* Data excerpt:

————————

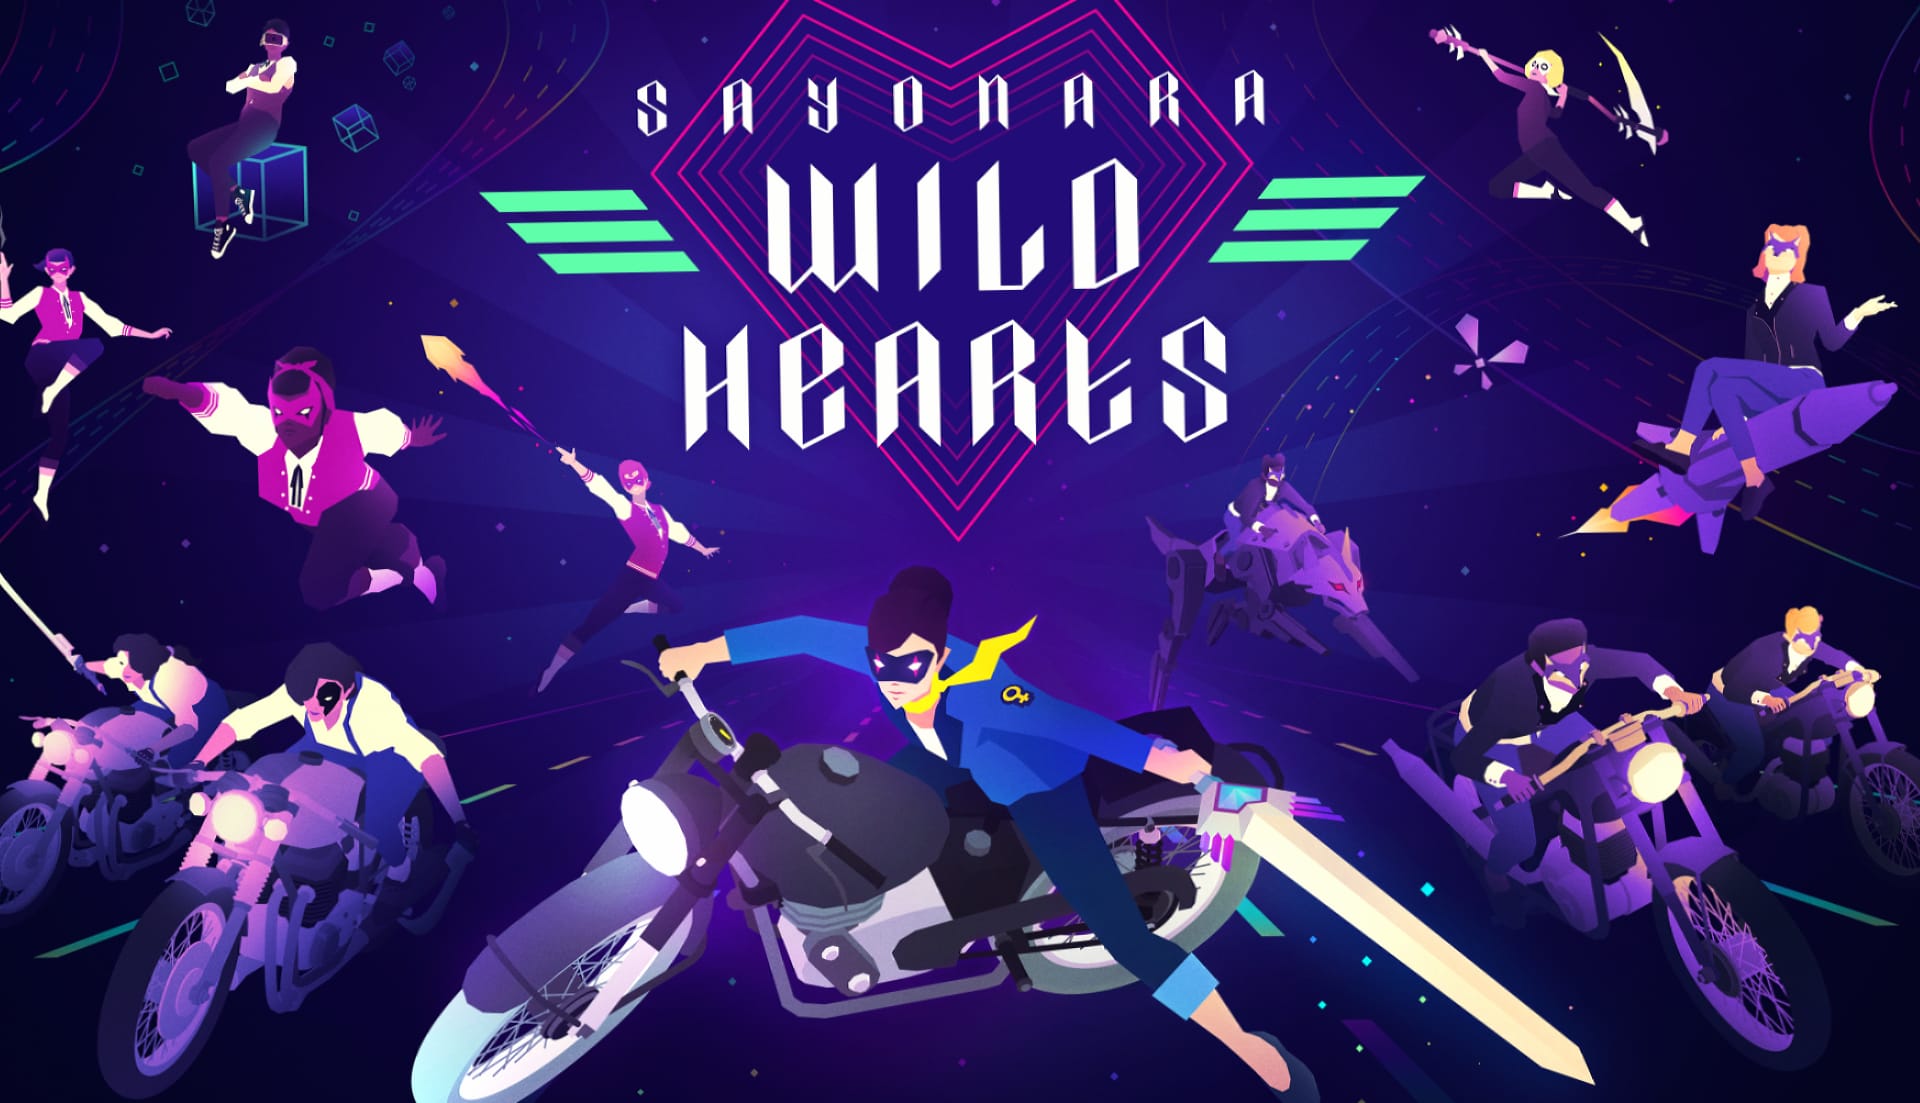 Sayonara Wild Hearts at 1024 x 1024 iPad size wallpapers HD quality
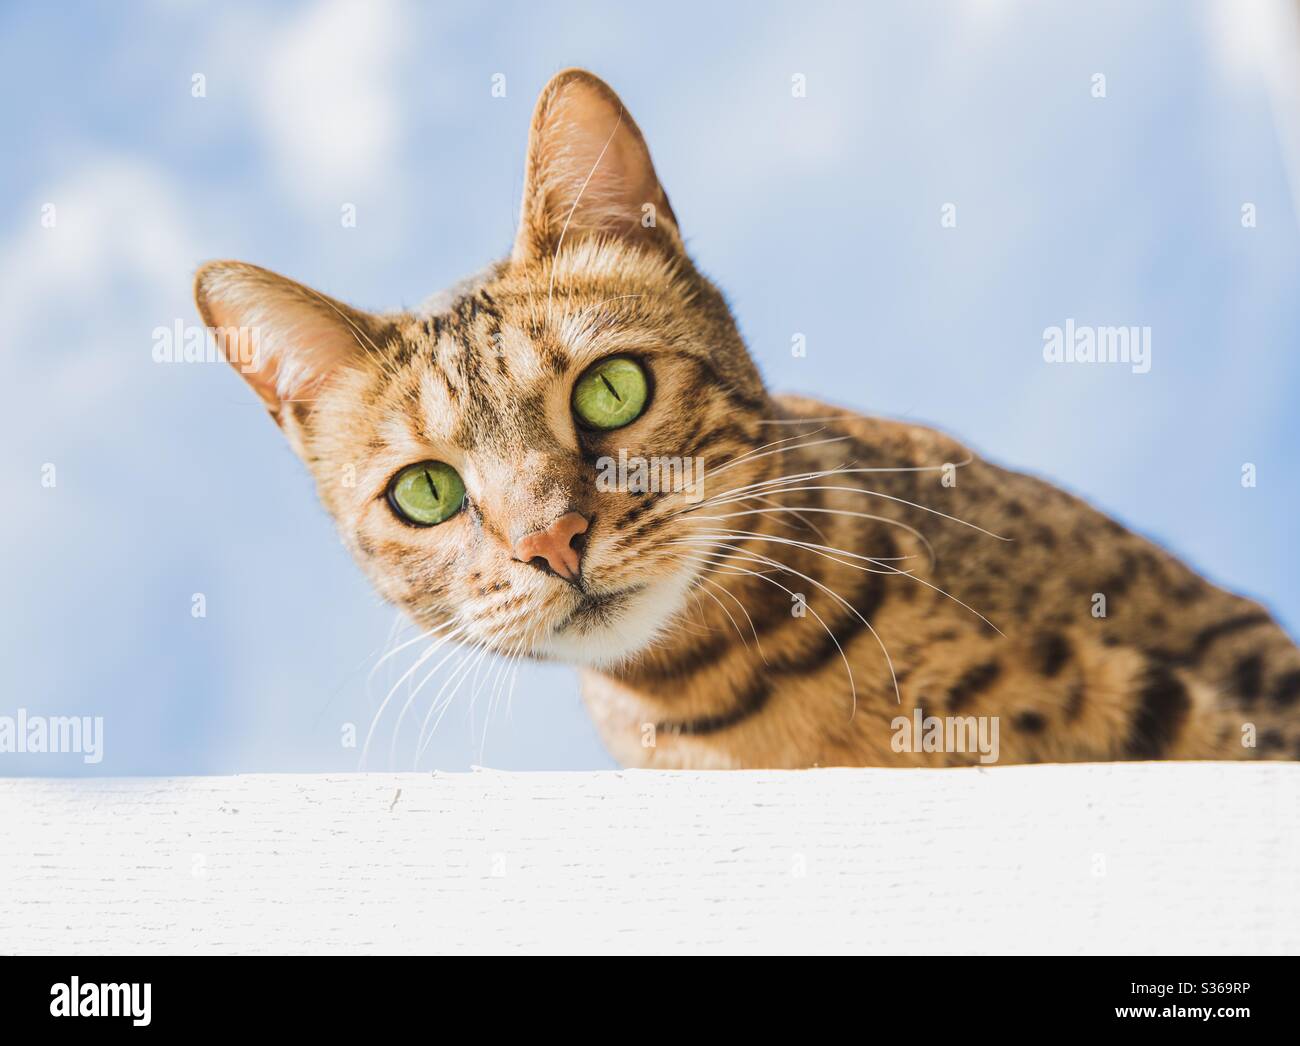 Eine neugierige Bengalkatze mit großen grünen Augen und streifigem Fell wie eine Tabby-Katze vor blauem Himmel Stockfoto
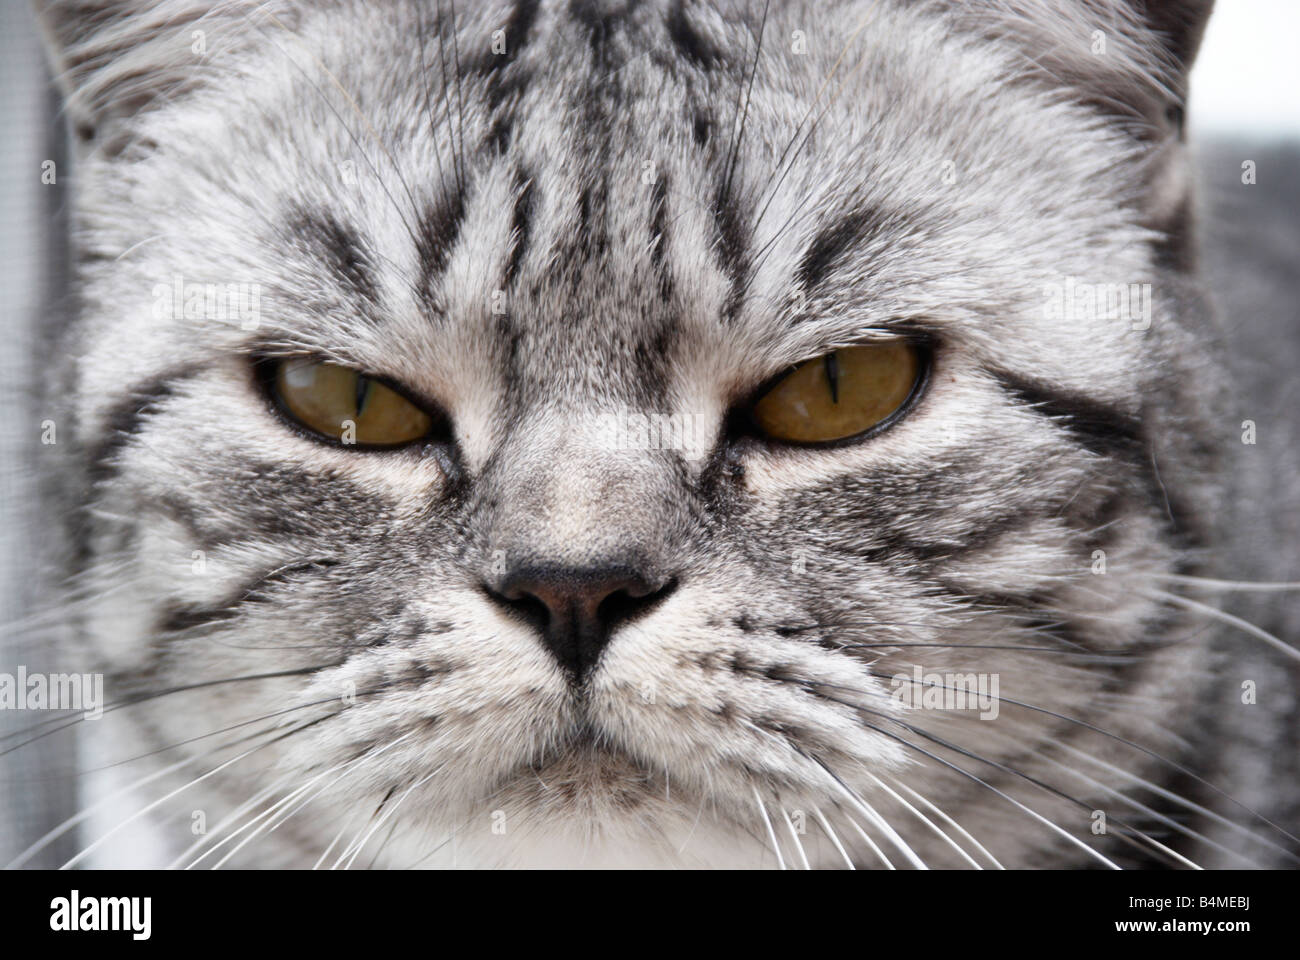 close up of grumpy cat's face Stock Photo

————————

Produce the data again character for character, with the images left out.

* Exercise output:
 Sayonara Wild Hearts at 1024 x 1024 iPad size wallpapers HD quality
 Eine neugierige Bengalkatze mit großen grünen Augen und streifigem Fell wie eine Tabby-Katze vor blauem Himmel Stockfoto
 close up of grumpy cat's face Stock Photo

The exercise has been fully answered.